First Review (6.5/10) — Key Issues Found
Critical Factual Errors
- Opus scoring misleading: 95/100 based on only 8 core practical questions, while other models scored on 84 questions. Placed in same table without caveat.
- "Two evaluation systems" described as three: Title said "两套" but listed three.
- GLM highest main score but ranked 3rd: No explanation of why (XII pressure test only 79 vs Sonnet 87).
Fairness Issues
- Double standard on API fabrication: MiMo's fabricated
sendingsyntax got bold + "最危险的失败模式", while Sonnet's fabricated iOS API got only "翻车" (casual).
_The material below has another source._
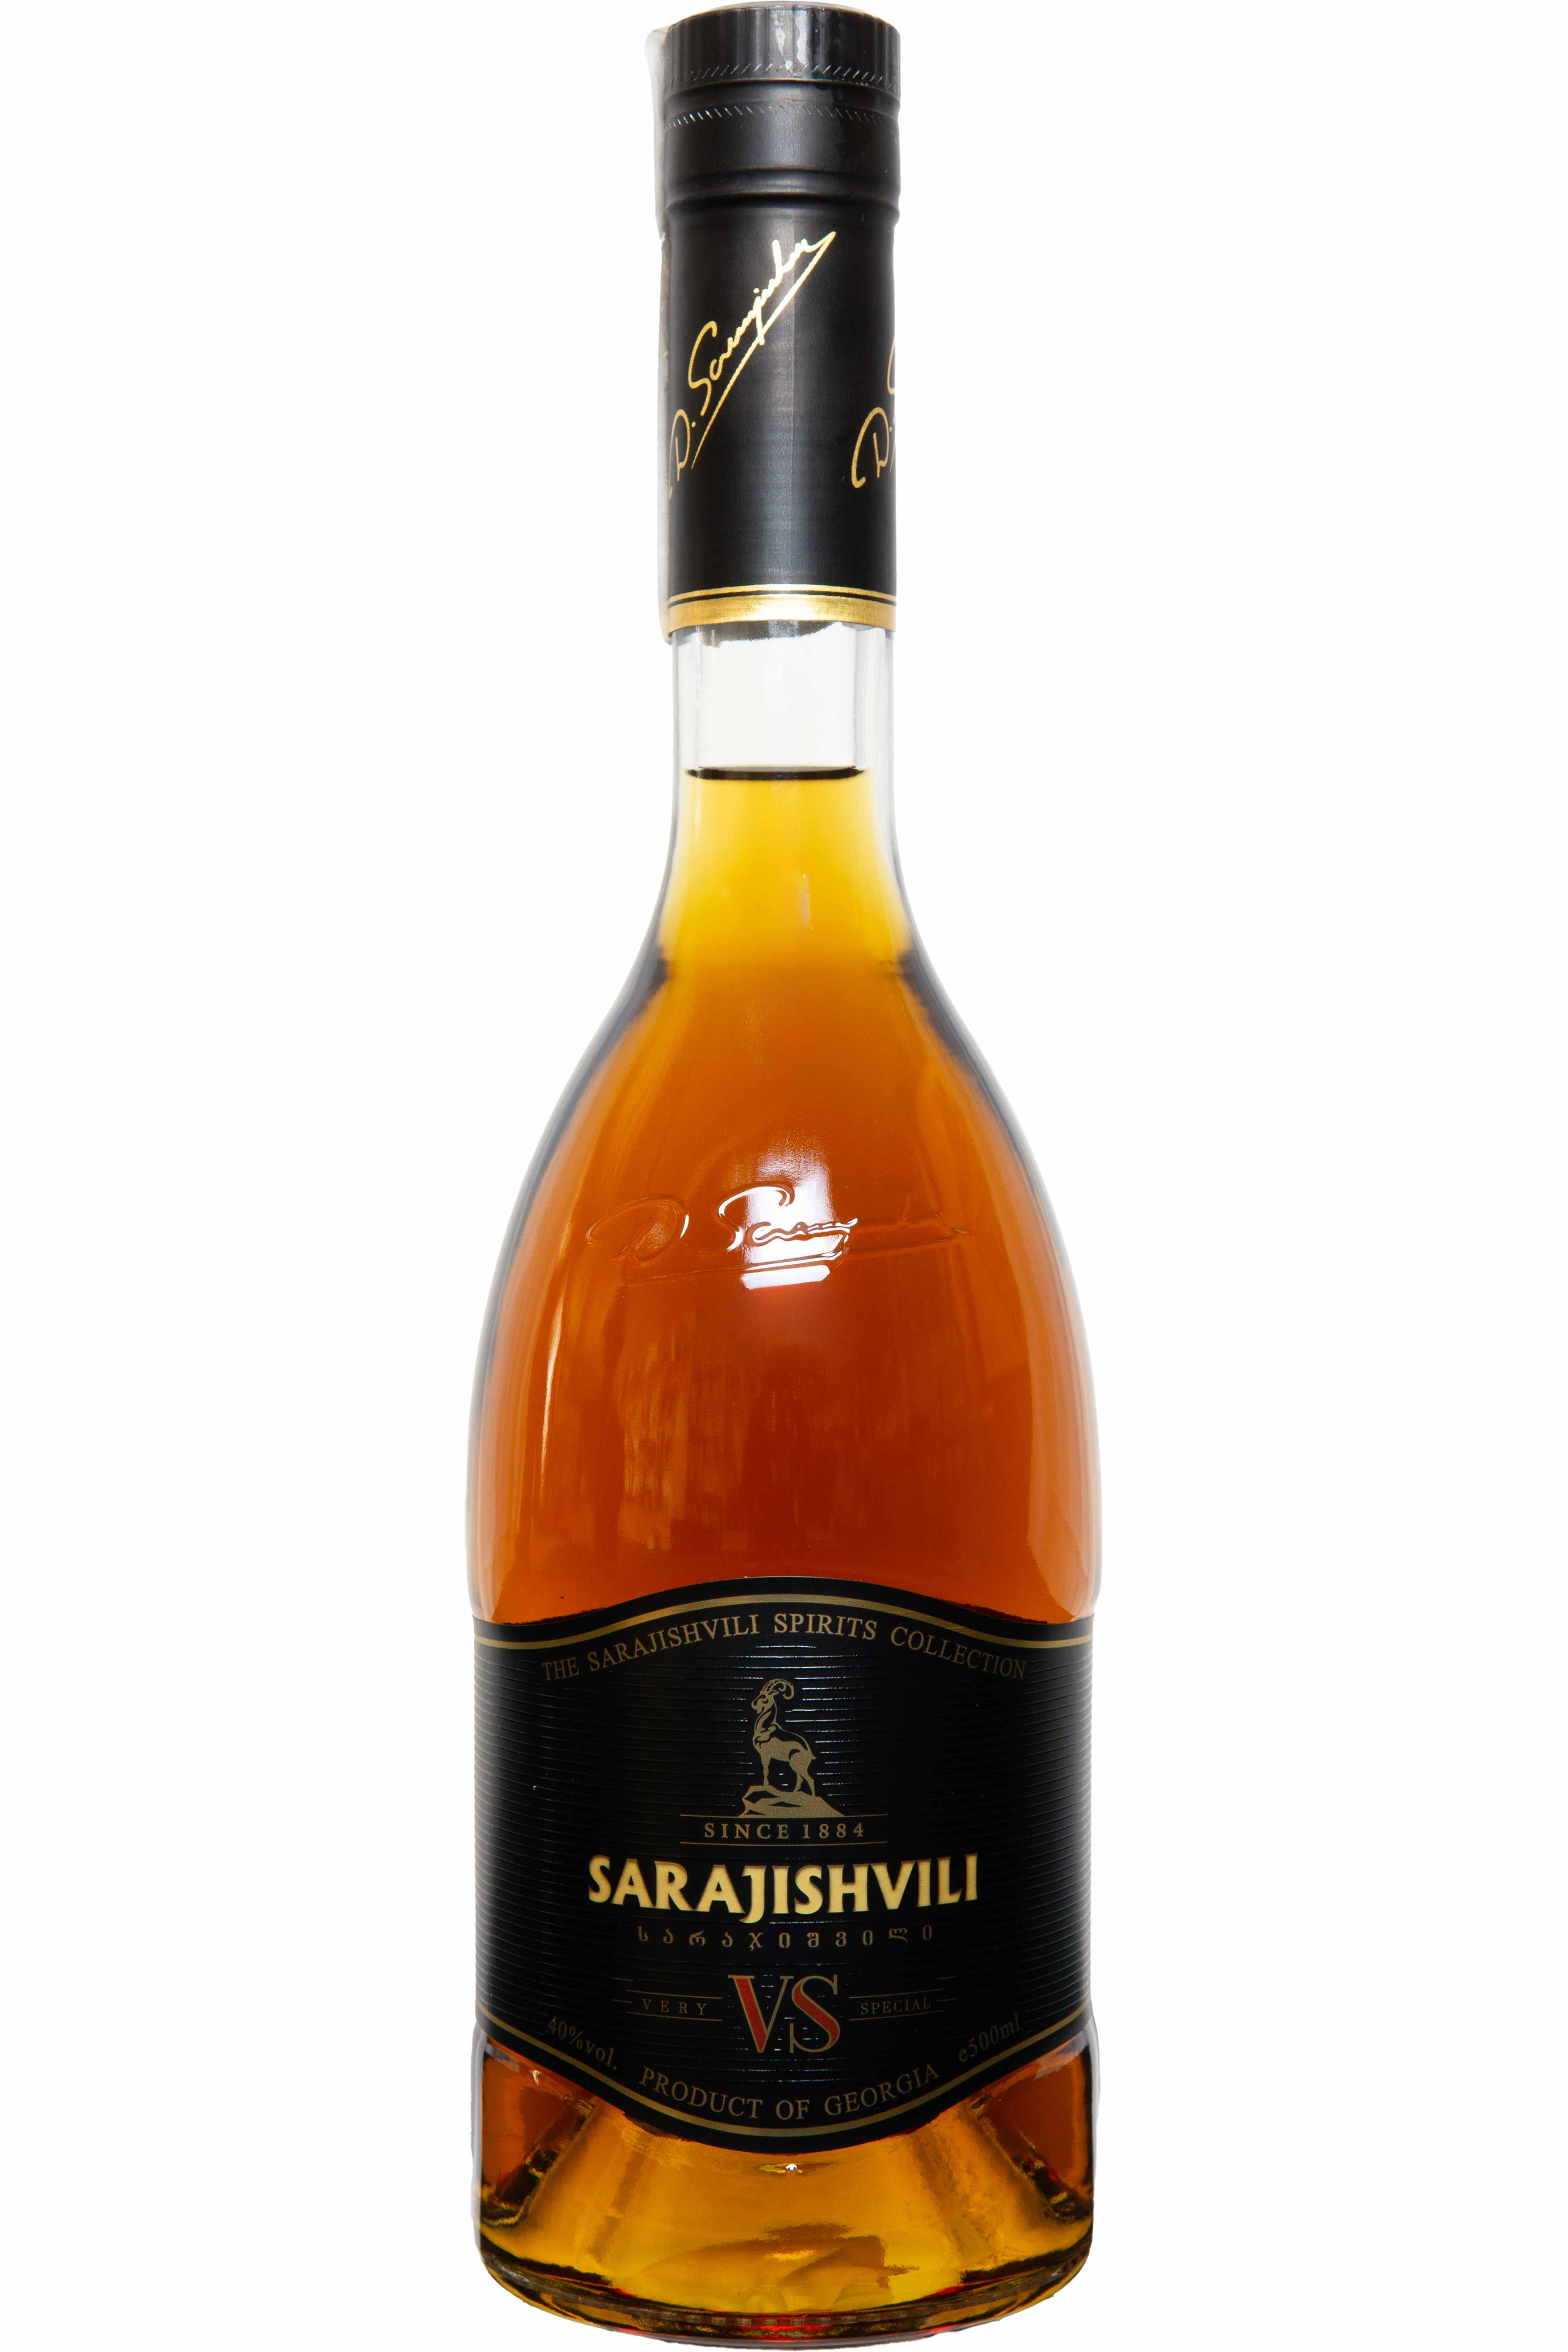 Sarajishvili VS 50cl, reifer georgischer Brandy, gelagert in Eichenfässern, mit Noten von Vanille und Schokolade

Fix: equal treatment. - Selective month-end drift comparison: Only showed Opus (best) vs Kimi (worst), ignoring DeepSeek/GLM also solved it correctly.
Depth Issues
- 5 "deep analysis" questions were just rephrased from the source report's summary section.
- Scenario recommendations copied verbatim from source report.
Missing Content
- Kimi's
fatalErrorin production code (critical engineering flaw) - GLM's CSV export syntax error (won't compile)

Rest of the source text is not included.